Le collaborateur « difficile » : ce qu’il faut vraiment entendre

Le collaborateur « difficile » : ce qu'il faut vraiment entendre - Management inclusif, Seizelle

Ça fait des années que je travaille avec des personnes neuroatypiques et avec celles et ceux qui les accompagnent au quotidien. Une chose que ce terrain m’a appris très tôt : quand un comportement ne correspond pas à ce qu’on attend, la pire question à se poser est « mais pourquoi il fait exprès ? ». La bonne question, c’est « à quoi ce comportement sert-il, pour cette personne, dans ce contexte précis ? ». En ABA, on appelle ça l’analyse fonctionnelle : on regarde ce qui précède le comportement, ce qu’il produit ensuite, et on comprend, souvent, qu’il n’a rien d’arbitraire.

Ma fille m’a appris à ce que je m’efforce à observer son environnement, plutôt qu’elle, que je considérais comme le problème. Ce réflexe aujourd’hui, je ne l’utilise presque plus ou seulement avec mes publics neuroatypiques. Depuis quelques années je me suis aperçue qu’il s’appliquait très bien à n’importe quel collectif de travail, avec n’importe qui.

Une étiquette qui ferme la communication

Dans toute équipe, il y a quelqu’un qu’on a un jour qualifié de « difficile ». Celui qui conteste chaque décision. Celle qui a besoin de tout reformuler par écrit. Celui qui se referme d’un coup, sans explication, quand la charge monte. Dès que l’étiquette est posée, on arrête généralement de chercher plus loin. On gère, on contourne, parfois on sanctionne (la sanction peut vraiment briser quelqu’un quand il n’est pas responsable).

Connaissez vous l’analyse fonctionnelle du comportement?

Prenons Sarah, qui conteste systématiquement les décisions de son manager. Vu de l’extérieur, cela ressemble à de l’opposition permanente.

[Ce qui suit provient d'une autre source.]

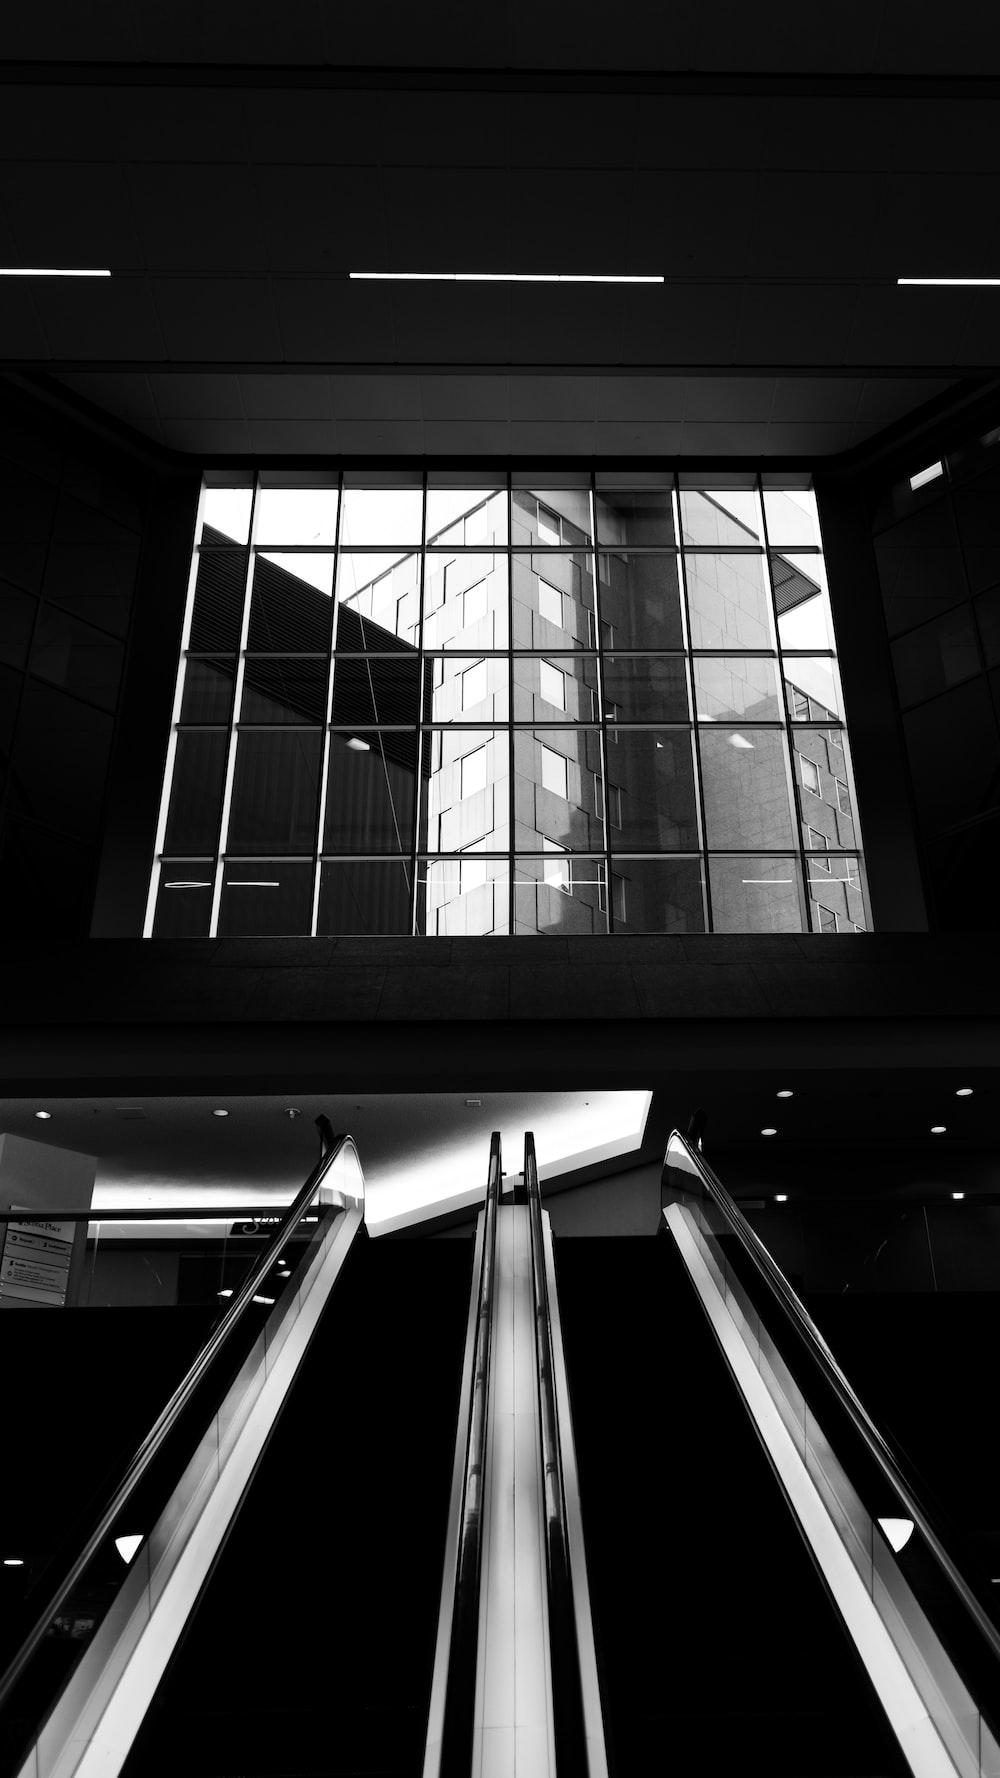 grayscale photo of a glass window

Mais si on regarde ce qui précède (antécédent) : les décisions lui arrivent toutes faites, sans le moindre « pourquoi ». Et ce qui suit sa contestation, c’est justement ça : au bout de plusieurs échanges tendus, elle finit par obtenir l’explication qu’elle réclamait depuis le début. Son comportement fonctionne, il lui permet d’obtenir ce dont elle a besoin — comprendre — mais seulement au prix du conflit, parce que c’est la seule voie qui marche pour elle jusqu’ici.

Une compétence qui profite à tout le monde

C’est exactement la même logique que j’observe avec un collaborateur neuroatypique qui a besoin d’un cadre explicite pour se sentir en sécurité, ou avec un aidant qui se referme parce qu’il n’a plus une once de ressource à donner en plus de ce qu’il donne déjà chez lui. Le comportement n’est pas la cause, c’est le symptôme. Et il porte presque toujours un message, même mal formulé : « j’ai besoin de comprendre », « j’ai besoin de clarté », « je n’ai plus de ressources ».

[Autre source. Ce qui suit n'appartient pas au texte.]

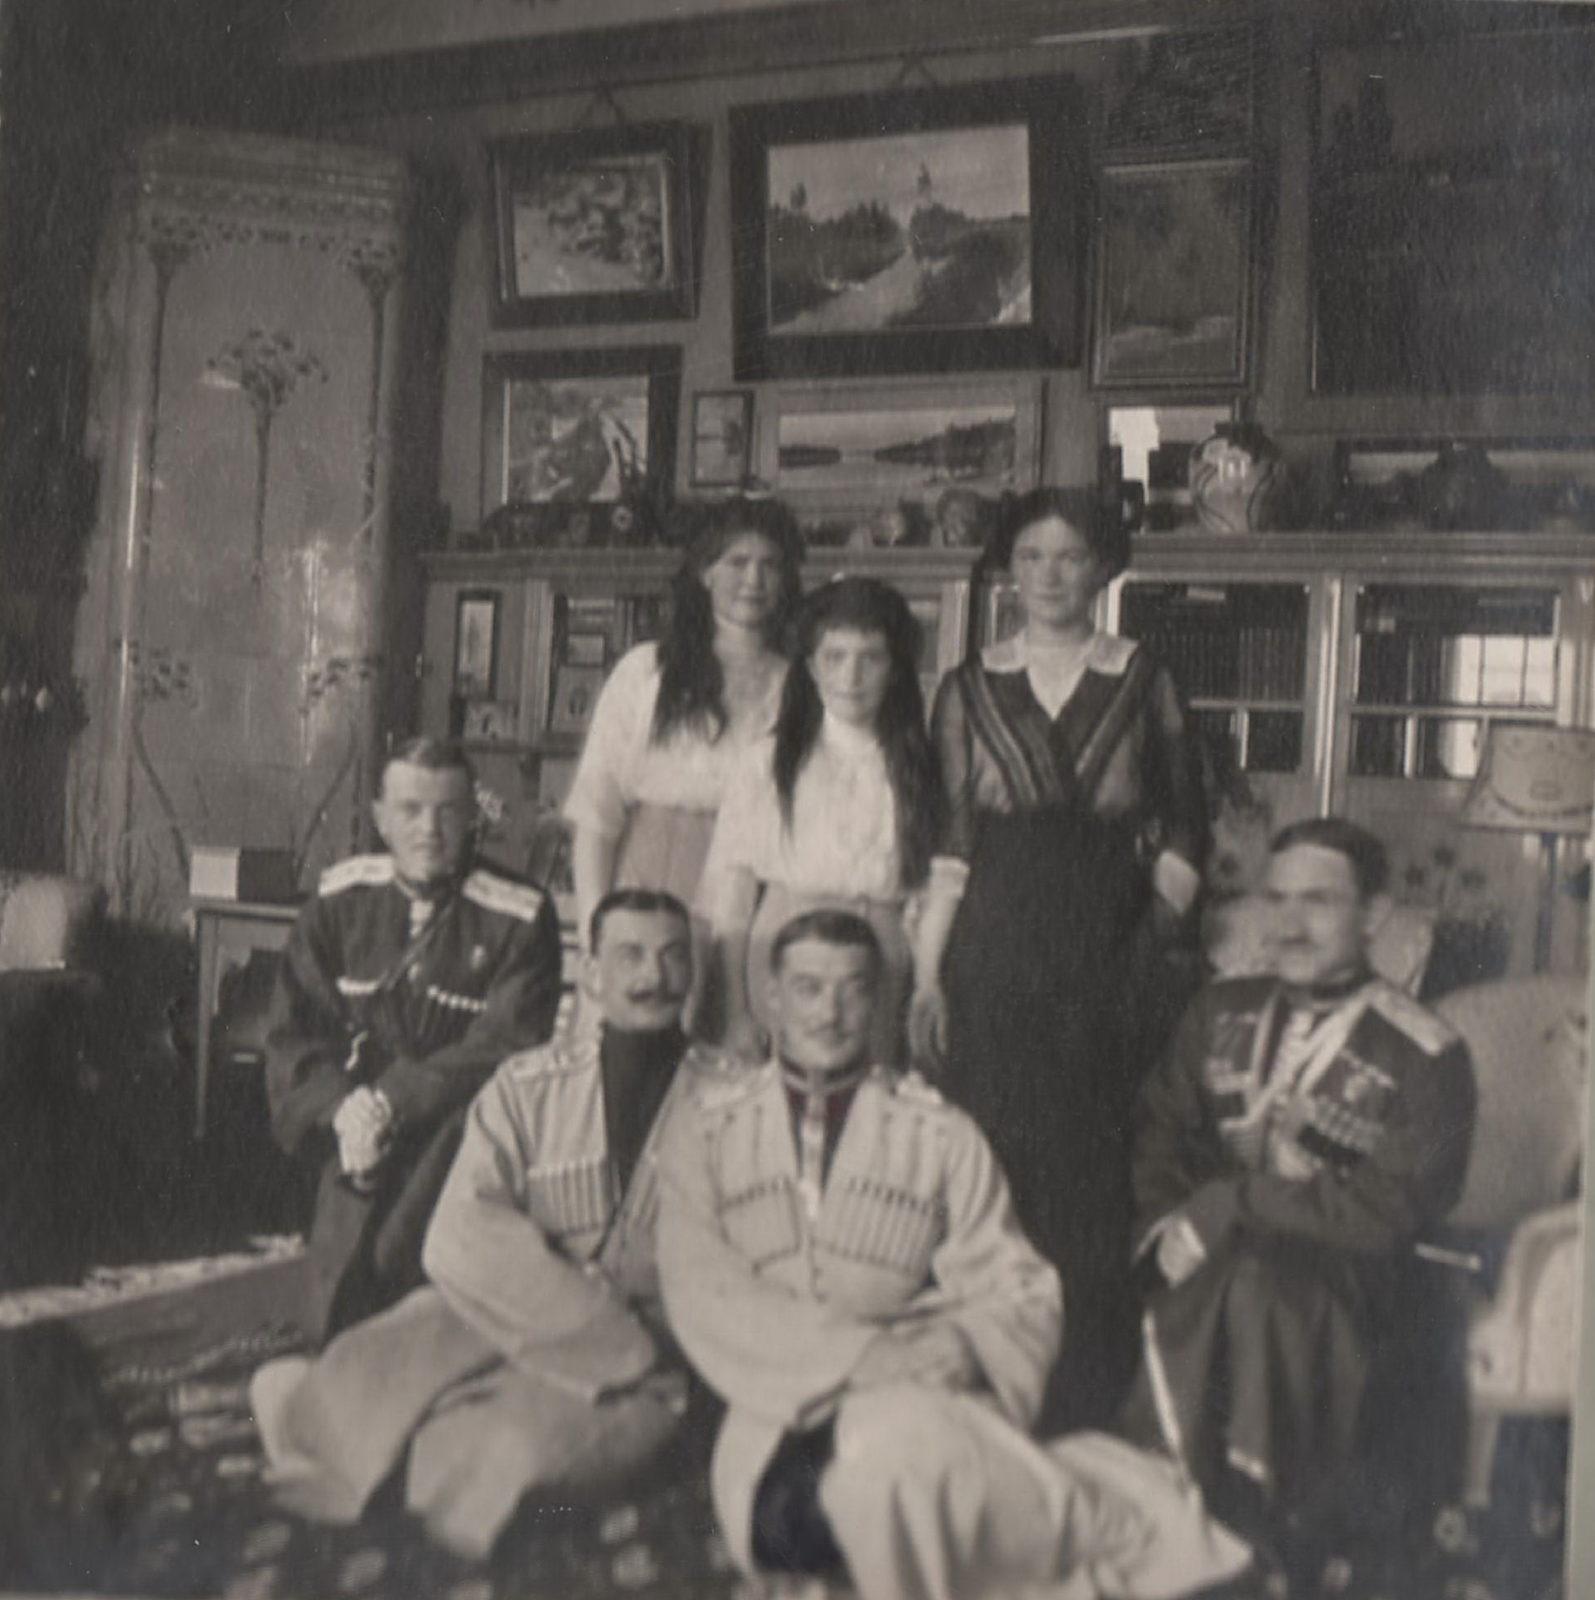 Daughters of Emperor Nicholas II Grand Princess Maria Nikolaevna, Anastasia Nikolaevna and Olga Nikolaevna.

La spécificité neurodivergente ou la charge d’aidance rendent ce mécanisme plus visible, plus net, parce que les besoins non couverts s’y expriment souvent avec moins de filtre social. Mais le mécanisme lui-même n’a rien d’exceptionnel. Il est juste plus facile à repérer chez ceux qu’on a déjà appris à observer avec attention. Ce qui devrait nous interroger aujourd’hui, c’est qu’on ne porte pas la même attention à tout le monde et c’est normal.

Accompagner sans tout excuser

Ça ne veut pas dire qu’il faut tout excuser. Il y a des limites : le respect, la sécurité, le fonctionnement collectif. Mais entre « tout excuser » et « tout étiqueter », il y a une troisième option : observer ce qui précède le comportement, ce qu’il produit, et agir sur ces deux leviers plutôt que sur la personne elle-même. C’est une compétence qu’on développe en travaillant avec des publics dont les besoins sont explicites. Elle profite à tout le monde une fois qu’on l’a acquise.

La prochaine fois qu’un collaborateur vous semblera « difficile », essayez de remplacer le jugement par l’observation. Une seule question suffit souvent à démarrer : « qu’est-ce qui te manque en ce moment pour avancer plus sereinement ? » Elle ne résout pas tout, mais elle ouvre une porte que l’étiquette, elle, referme systématiquement.